Since you add the tag of dplyr and purrr, I assume you are interested in a tidyverse solution. So below I will demonstrate a solution based on the tidyverse.
First, your range_stats is problematic. This is why you got the error message. The weighted.mean is expecting a vector for both the x and w argument. However, if rangedf is a tibble, the way you subset the tibble, such as rangedf[,lat] will still return a one-column tibble.

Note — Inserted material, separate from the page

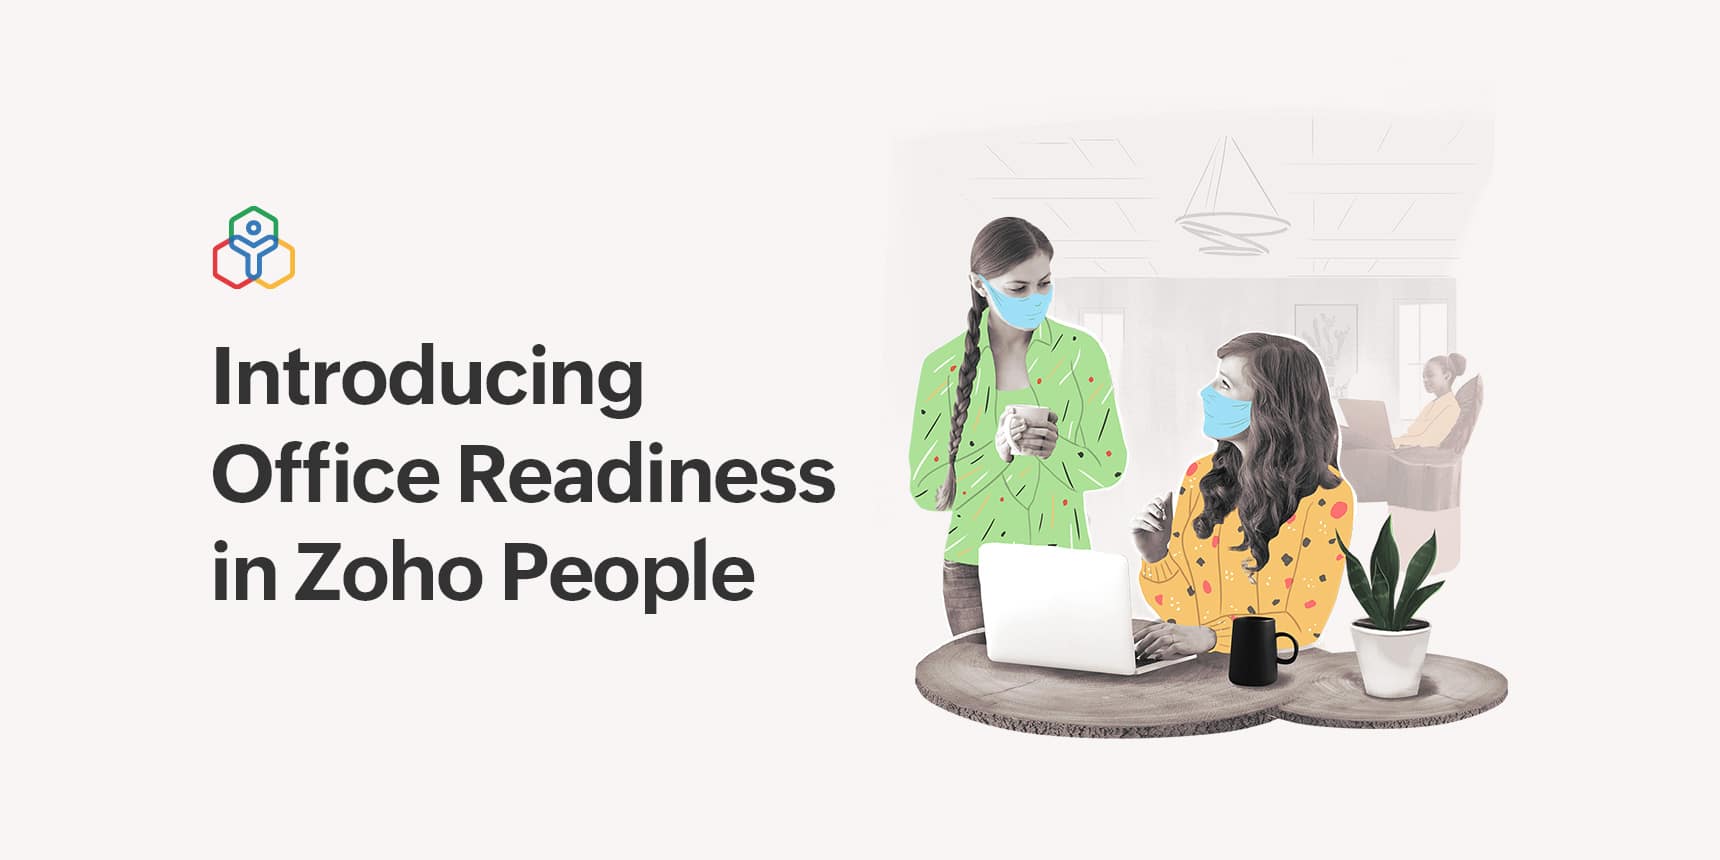 Office Readiness in Zoho People
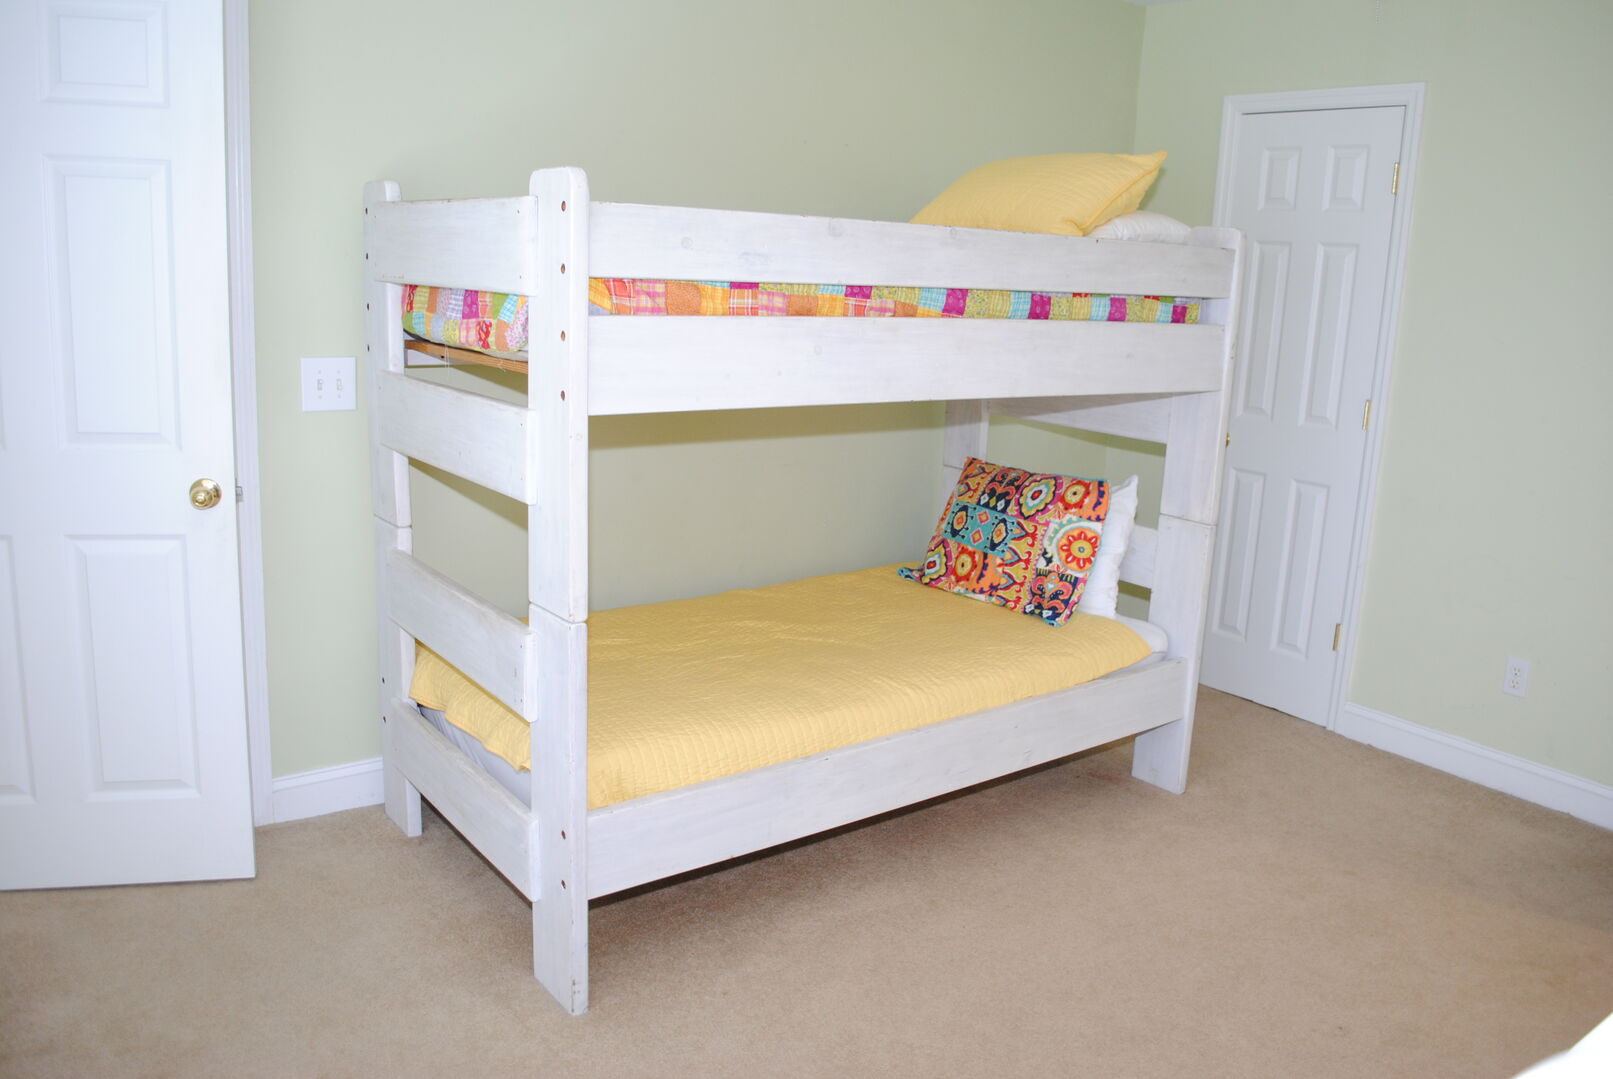 2 Sets of Bunk Beds (1 Full, 3 Twins) - Second Floor

A better way is to use pull from the dplyr package.
library(tidyverse)
range_stats <- function(rangedf, lat, lon, weighting, na.rm=T){
cent_lat <- weighted.mean(x = rangedf %>% pull(lat),
w = rangedf %>% pull(weighting), na.rm=T)
cent_lon <- weighted.mean(x = rangedf %>% pull(lon),
w = rangedf %>% pull(weighting), na.rm=T)
out <- data.frame(cent_lat, cent_lon)
return(out)
}
Next, the way you created the data frame is OK, but data.table is from the data.table package and you will create a data.table, not a tibble. I thought you want to use an approach from tidyverse, so I changed data.table to data_frame as follows.
LATITUDE <- c(27.91977, 21.29066, 26.06340, 28.38918, 25.97517, 27.96313)
LONGITUDE <- c(-175.8617, -157.8645, -173.9593, -178.3571, -173.9679, -175.7837)
BIOMASS <- c(4.3540488, 0.2406332, 0.2406332, 2.1419699, 0.3451426, 1.0946017)
SPECIES <- c('Abudefduf abdominalis','Abudefduf abdominalis','Abudefduf abdominalis','Chaetodon lunulatus','Chaetodon lunulatus','Chaetodon lunulatus')
YEAR <- c('2005', '2005', '2014', '2009', '2009', '2015')
testdf <- data_frame(LATITUDE, LONGITUDE, BIOMASS, SPECIES, YEAR)
Now, you said you want to apply the range_stats function to each combination of SPECIES and YEAR. One approach is to split the data frame to a list of data frames, and use lapply family function. But here I want to show you how to use the map family function to achieve this task as map is from the purrr package, which is part of the tidyverse.
We can first create a group indices based on SPECIES and YEAR.
testdf2 <- testdf %>%
mutate(Group = group_indices(., SPECIES, YEAR))
testdf2
# A tibble: 6 x 6
LATITUDE LONGITUDE BIOMASS SPECIES YEAR Group
<dbl> <dbl> <dbl> <chr> <chr> <int>
1 27.91977 -175.8617 4.3540488 Abudefduf abdominalis 2005 1
2 21.29066 -157.8645 0.2406332 Abudefduf abdominalis 2005 1
3 26.06340 -173.9593 0.2406332 Abudefduf abdominalis 2014 2
4 28.38918 -178.3571 2.1419699 Chaetodon lunulatus 2009 3
5 25.97517 -173.9679 0.3451426 Chaetodon lunulatus 2009 3
6 27.96313 -175.7837 1.0946017 Chaetodon lunulatus 2015 4
As you can see, Group is a new column showing the index number. Now we can split the data frame based on Group, and then use map_dfr to apply the range_stats function.
testresult <- testdf2 %>%
split(.$Group) %>%
map_dfr(range_stats, lat = "LATITUDE",lon = "LONGITUDE",
weighting = "BIOMASS", na.rm = TRUE, .id = "Group")
testresult
Group cent_lat cent_lon
1 1 27.57259 -174.9191
2 2 26.06340 -173.9593
3 3 28.05418 -177.7480
4 4 27.96313 -175.7837
Notice that map_dfr can automatic bind the output list of data frames to a single data frame. .id = "Group" means we want to create a column called Group based on the name of the list element.
I separated the process into two steps, but of course they can be all in one pipeline as follows.
testresult <- testdf %>%
mutate(Group = group_indices(., SPECIES, YEAR)) %>%
split(.$Group) %>%
map_dfr(range_stats, lat = "LATITUDE",lon = "LONGITUDE",
weighting = "BIOMASS", na.rm = TRUE, .id = "Group")
If you want, testresult can be merged with testdf using left_join, but I will stop here as testresult is probably already the desired output you want. I hope this helps.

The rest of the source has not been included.